Lotsa 'palosers: 'Can't buy me Love'

By Jon Roig

Arizona Daily Wildcat

Yes kiddies, there was once a magical age when you couldn't buy your "alternative" lifestyle at Hot Topic... when they didn't sell Exploited "Punks Not Dead" shirts at the mall... and when everybody knew that Henry Rollins was full of shit and not the self-proclaimed spokesman of our generation.

Although you might not know it if you attended Lollapalooza this summer. I dunno what I was thinking it all seemed like such a good idea at the time. Attend the massive festival of cool alternative music! Don't worry about the cost... the Wildcat will pick up the tab. We'll even throw in a press pass!

I feel sorry for you poor bastards that had to pay for the concert, and let me tell you a little secret: "press pass" isn't a synonym for "backstage pass." It means you have access to the secret chips-and-salsa room behind the stage. The only people back there are various sycophants and hangers-on ... and journalists, of course.

Who's responsible for all this madness? Could it be SATAN? Come to think of it, Perry Farrell ... he even looks a little like the devil. Coincidence? I think not. And, perhaps not coincidentally, Phoenix is hotter than hell. Some drunken frat boy eloquently explained that to me in the bathroom after he glanced at my impressive, but basically useless, press badge thingy. He oughta know, he's going there (or so he told me, but I believe him).

I tried really hard to convince the Wildcat's crack photo staff to wander out into the teeming masses to take a picture of this girl. You had to see her; for me that image says more than a picture of Courtney Love ever could about the ultimate fate of Lollapalooza after five years.

She was (maybe) 12 years old. Green hair. Small backpack.
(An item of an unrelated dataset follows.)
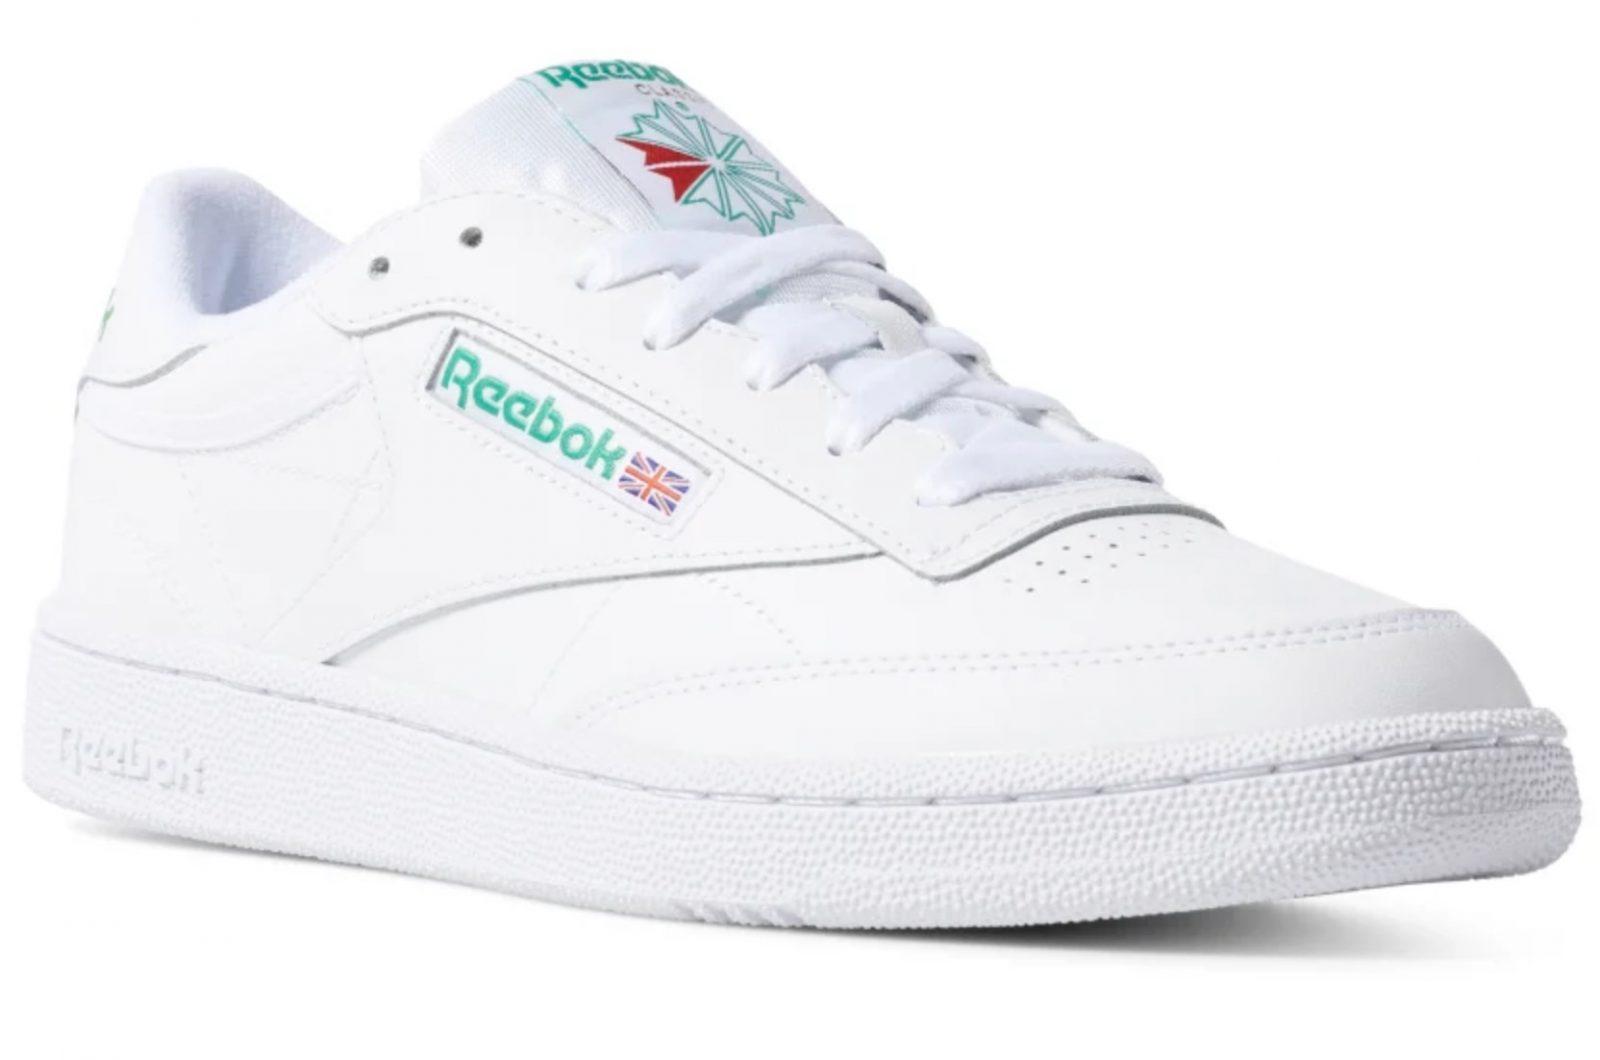 Reebok Club C 85 White Green | AR0456

Kurt Cobain, R.I.P. T-shirt.

Yes, she was different ... like all the other different people. And she was wearing pretty much the standard uniform. There's something distinctly disturbing about being stuck in a crowd with 50 million people all trying to express their uniqueness from one another.

I felt so ... normal. But then again, I don't have a three-foot mohawk held up by Elmer's glue. Or a cool T-shirt from a band that nobody has ever heard of. Or carrots stuck in my hair.

The music was decent, although from my position a billion miles from the stage, I couldn't even begin to explain what any of the members of Pavement looked like. But they rocked, pure and simple. So did Beck ... and Mike Watt and Hum on the second stage.

The rest of it was just crap. Granted, I missed the Bosstones and Jesus Lizard, as I was two hours late and totally missed my rendezvous with the elusive Noah Lopez. They confiscated my water at the door... I should've taken that as a bad omen ... especially if you consider that it was like 150 degrees out.

Hair dye was running everywhere. Groups of girls were wearing matching sports bras. Slimy, shirtless guys dominated the half-assed pits near the second stage.

Fun, eh? I brought this all on myself.

I guess I never considered the Courtney Love factor. I mean, Sonic Youth ... they're not my favorite. But you've gotta respect 'em they're the elder statesmen of noise guitar, a true "alternative" band that has made good on their own terms. And, Cypress Hill ... they had a giant, gold Buddha and a bong unlike anything I'd ever seen.

Come to think of it, I didn't see it. I was out watching Hum on the second stage. After watching about 2.5 minutes of an all-white crowd tryin' their damnedest to get down to gangsta rap, I decided that my brain was in no shape to experience this sort of contrived debauchery.

But that's cool ... what do I care, eh? Courtney Love, however ... she has to die. Does the world really need more Trent Reznor/Morrisey style self-pitying artists? The free condoms given out by the anti-AIDS folks were met with harsh resistance. What's the deal? How come people's first reaction is to pop an inflated condom floating over the crowd with a song request attatched to it. I kept hoping that Hole would deviate from the program of Nirvana covers and Love's lame sexual innuendo, and pull out the stops to do something epic like "Freebird," or that old Europe song "The Final Countdown."

But no. Without any trace of irony, we were subjected to a barrage of feedback and Ms. Love screams of "Kurt" over and over and over again. And, apparently, nobody thought it was funny but me.

But, mostly, I blame the downfall of Lollapalooza on the lack of a good metal band late in the show. No matter what you think of Hole, they just don't rock or whip the crowd into a frenzy ... like Ministry did when I saw them however many years ago. There was magic in the air that night. People rushed the stage, fires were lit, audience members were tossed into the air.

Slayer could have provided all that ... or even White Zombie or any of the metal bands that have deviously repositioned themselves from the distinctly unhip realm of metal into the wildly successful domain of the "alternative" genre.

But, whatever. Maybe I'm too old, and I just don't understand kids these days. That's probably true ... I'm just glad I didn't have to pay for Lollapalooza in anything more than blood, sweat, and tears.